Rhizoctonia solani induced MDPK expression levels. Therefore, the study aimed to identify the upstream regulators of MDPK using a 2 kb region of the promoter and a rice cDNA library. The Y1H assay showed that the IDD transcription factors IDD12, IDD13, and IDD14 bind to the 2 kb region of the MDPK promoter (Figure 2a). Subsequent sequence analysis indicated that an IDD-binding motif was located within the 2 kb of the MDPK promoter. Further, an EMSA was performed to verify the binding of three IDD proteins to the MDPK promoter. Here, GST-IDD12, GST-IDD13, and GST-IDD14 were bound to the putative IDD-binding motif P1 but not with the mutated probe mP1 in vitro (Figure 2b). Moreover, the binding activities of IDD12, IDD13, and IDD14 at two regions on the promoter of MDPK were analyzed via chromatin immunoprecipitation (ChIP) assay. In the 35S:GFP and 35S:IDD:GFP transgenic plant calli, the amplicons of P1 are highly enriched, which are the MDPK transcriptional start site containing the putative IDD-binding motif. This means IDD12, IDD13, and IDD14 were bound to P1 but not P2 (Figure 2c). In addition, transient expression assays were performed via the cotransformation of the MDPK promoter and a combination of 35S:IDD plasmids and a vector expressing the beta-glucuronidase gene (GUS) under the control of pMDPK. IDD13 and IDD14 exhibited higher transcription activation activity than IDD12. Moreover, IDD13 + IDD12 or IDD14 + IDD12 coexpression showed similar effects on MDPK promoter activation compared with IDD13 or IDD14, respectively, but IDD13 + IDD14 coexpression demonstrated a more robust transcription activation activity than the expression IDD13 or IDD14 alone. Moreover, the coexpression of IDD12, IDD13, and IDD14 showed the strongest transcription activity to MDPK promoter compared with IDD13 + IDD12, IDD14 + IDD12, or IDD13 + IDD14 coexpression groups, indicating an additive effect of IDD12, IDD13, and IDD14 on MDPK transcriptional activation (Figure 2d).

Figure 2

The regulation of IDD12, IDD13, and IDD14 to MDPK transcription: (a) yeast one-hybrid assay revealed that IDD12, IDD13, and IDD14 can bind to the promoter of MDPK. The upper schematic indicates the 2 kb of MDPK promoter and rice cDNA library used for the yeast-one hybrid analysis. The transformants were grown on the SD media with or without 20 mM of 3-amino-1,2,4-triazole (3AT), a competitive inhibitor of HIS3; (b) EMSA assay showed that IDD12, IDD13, and IDD14 have specific affinity to the putative IDD-binding motif (red box) P1 within 2 kb of MDPK promoter.

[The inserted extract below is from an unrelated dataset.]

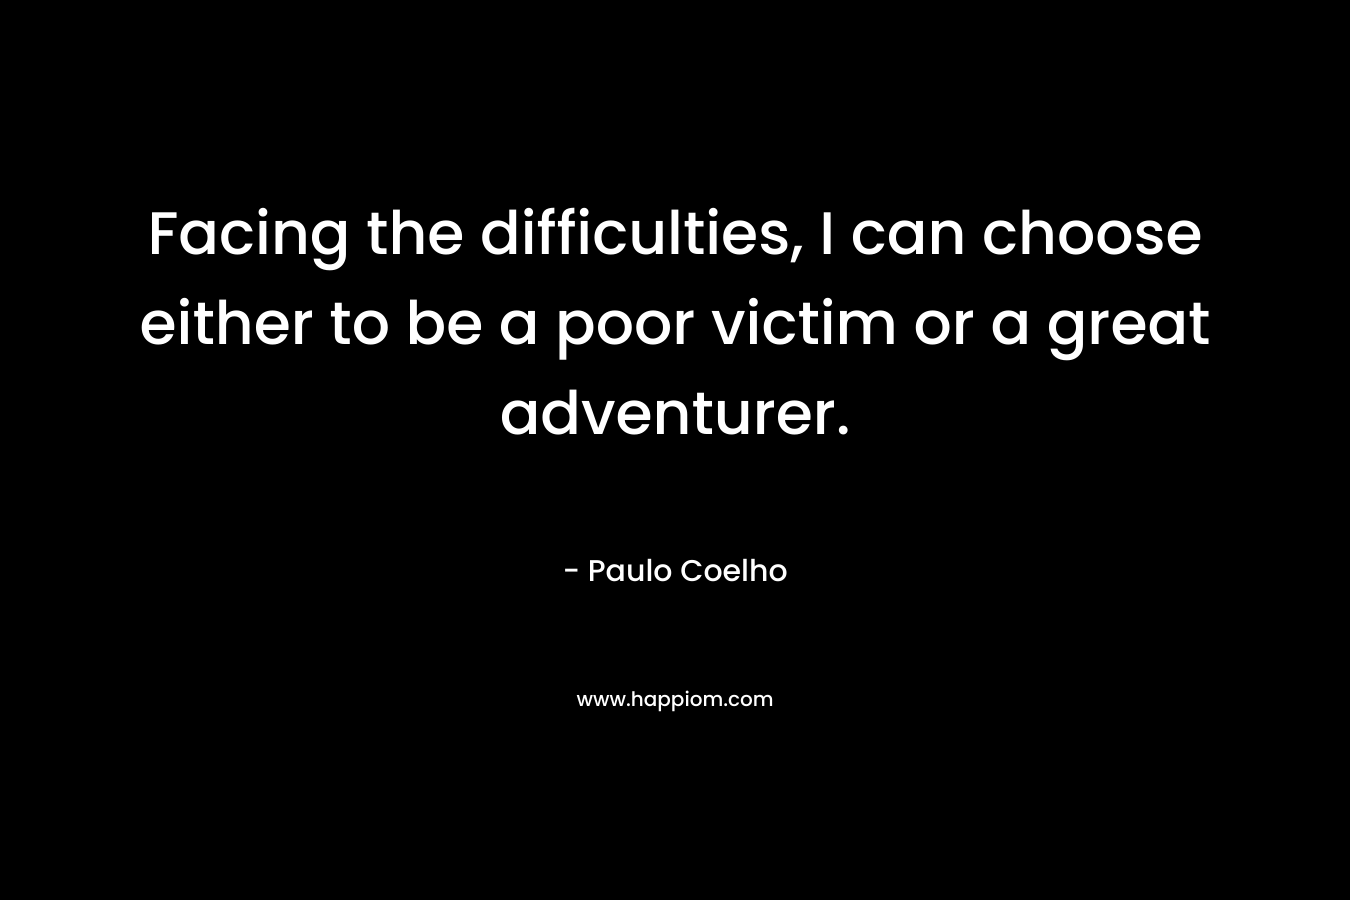 Facing the difficulties, I can choose either to be a poor victim or a great adventurer. – Paulo Coelho

The mutant probe mP1 was used as control. The probe was labeled with biotin and bands were detected by using antibiotin antibodies; (c) ChIP-qPCR assays. Enrichment of IDD12, IDD13, and IDD14 at the promoter of MDPK was measured via ChIP-qPCR using anti-GFP antibodies. The schematic in (b) indicates the locations of the DNA fragments P1 and P2 used for ChIP-qPCR. Error bars represent ± SE (n = 3); (d) a transient expression assay was conducted by cotransfection with empty vector (Vec), p35S:IDD12 (12), p35S:IDD13 (13), p35S:IDD14 (14), p35S:IDD12 + p35S:IDD13 (12 + 13), p35S:IDD12 + p35S:IDD14 (12 + 14), p35S:IDD13 + p35S:IDD14 (13 + 14), or p35S:IDD12 + p35S:IDD13 + p35S:IDD14 (12 + 13 + 14) and the reporter vector expressing the beta-glucuronidase (GUS) under the control of 2 kb MDPK promoter. The luciferase gene driven by the 35S promoter was used as an internal control to normalize GUS expression. Error bars represent ± SE (n = 3). Bonferroni’s multiple comparison test, was used for the calculation of comparisons between different groups. Letter a–e in the figure indicate significant differences at p < 0.05.

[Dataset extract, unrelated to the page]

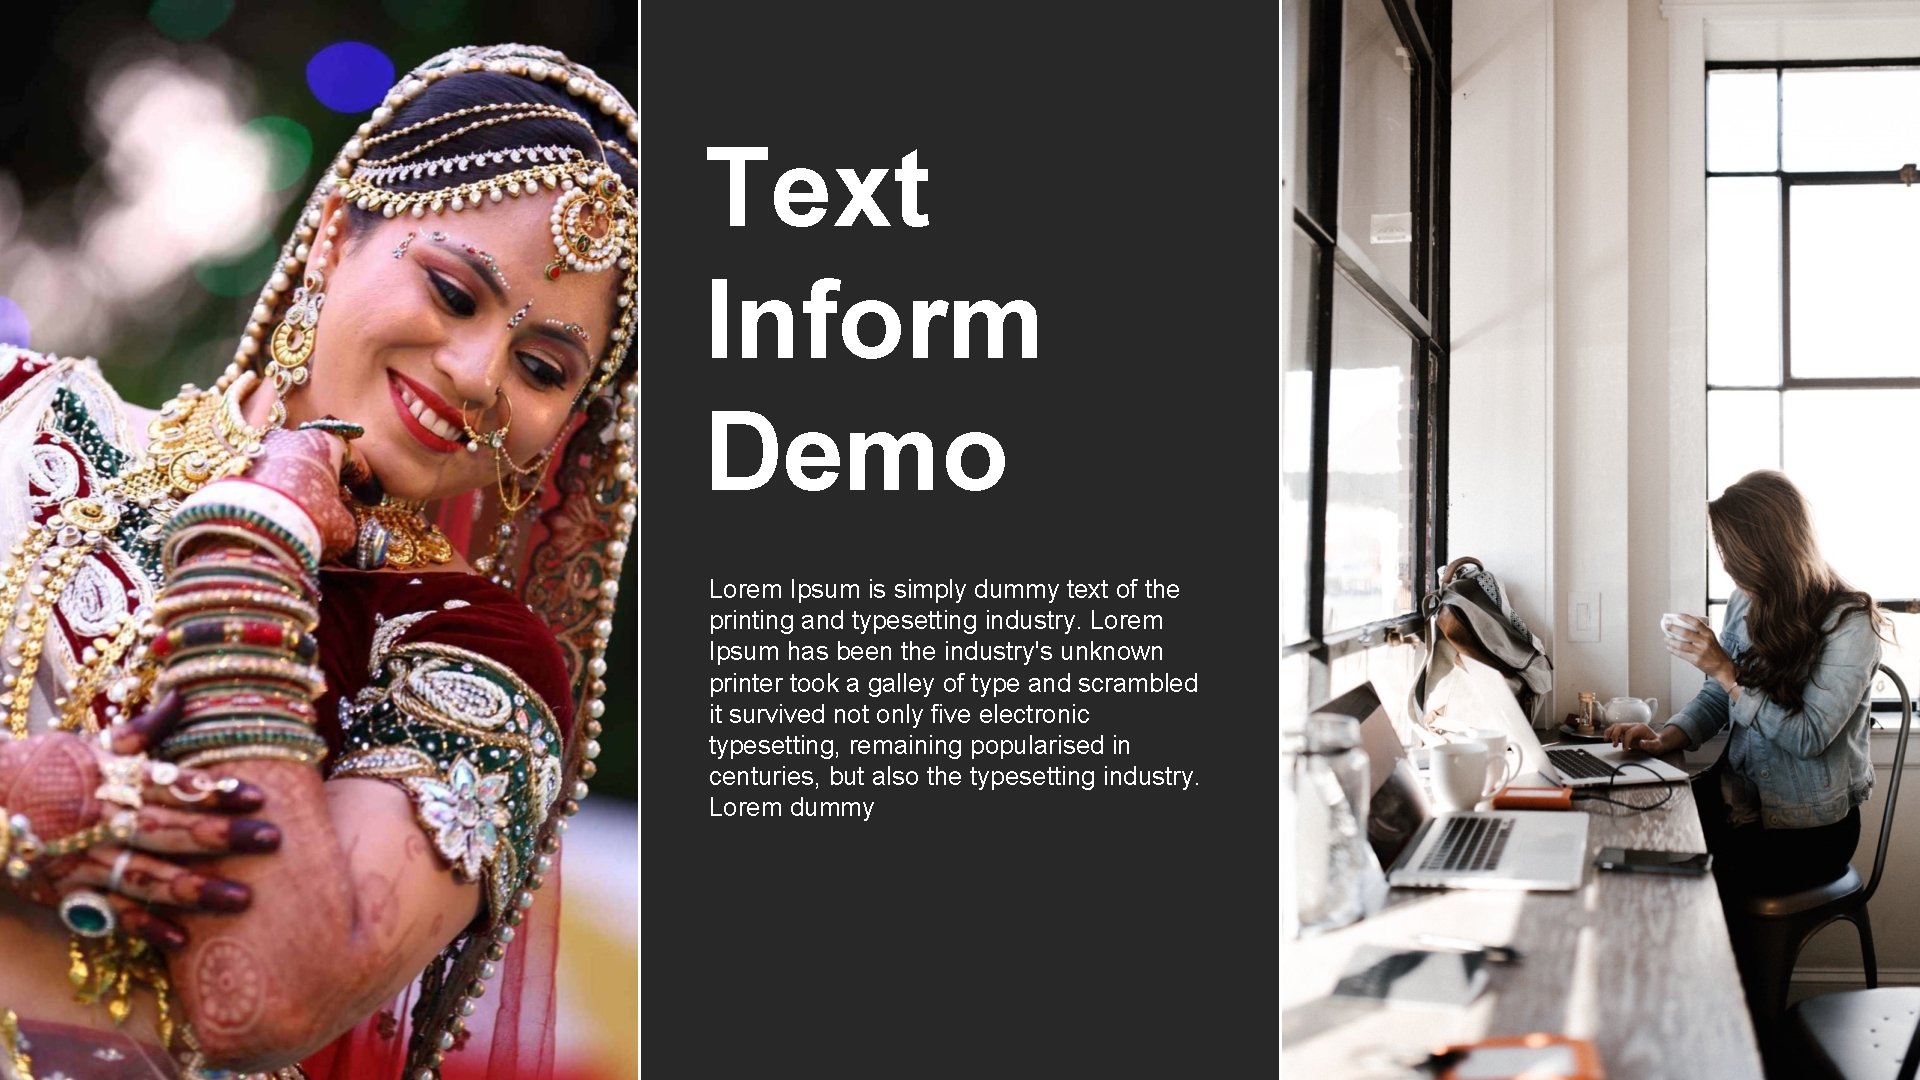 Text Inform Demo Lorem Ipsum is simply dummy text of the printing and typesetting

2.3. IDD14 Interacts with IDD12 and IDD13

The interaction between three IDDs was analyzed. The Y2H assay showed that IDD14 interacts with IDD12 and IDD13 (Figure 3a), and BiFC indicated that IDD14 interacts with IDD12 and IDD13 at the nucleus in the rice protoplasts (Figure 3b). In Co-IP, IDD14-GFP was coexpressed with IDD12-MYC or IDD13-MYC in tobacco leaves and immunoprecipitated with GFP antiserum or IgG, and the immunoprecipitated protein was immunoblotted using GFP and MYC antibodies. The results indicated that IDD14 interacts with IDD12 and IDD13 (Figure 3c). These findings suggest that IDD12, IDD13, and IDD14 may form a transcription factor complex regulating MDPK.

Figure 3

IDD14 interacts with IDD12 and IDD13: (a) yeast two-hybrid assay was used to test IDD14 interaction with IDD12 and IDD3. BD: GAL4-DNA binding domain; AD: activation domain; -T: without tryptophan; -L: without leucine; -H: without histidine; (b) BiFC assay revealed an interaction between (IDD14 and IDD12) and (IDD14 and IDD13) in rice protoplasts. The fused proteins of IDD14-nYFP and IDD12-cYFP, IDD14-nYFP, and IDD13-cYFP were transiently expressed in rice protoplasts. GFP fluorescence were detected in the protoplasts. IDD14-nYFP + cYFP were also coexpressed as negative control. Bars = 10 μm; (c) Co-IP assay was performed to analyze the interaction between IDD14 and IDD12 or IDD13 in tobacco leaves. IDD12-MYC or IDD13-MYC + IDD14-GFP were transformed into tobacco leaves by using agrobacterium-mediated transformation. Anti-GFP antibody immunoprecipitated proteins were analyzed using Western blot analysis by using anti-MYC antibodies. IDD12-MYC, IDD13-MYC, and IDD14-GFP levels were analyzed using Western blot.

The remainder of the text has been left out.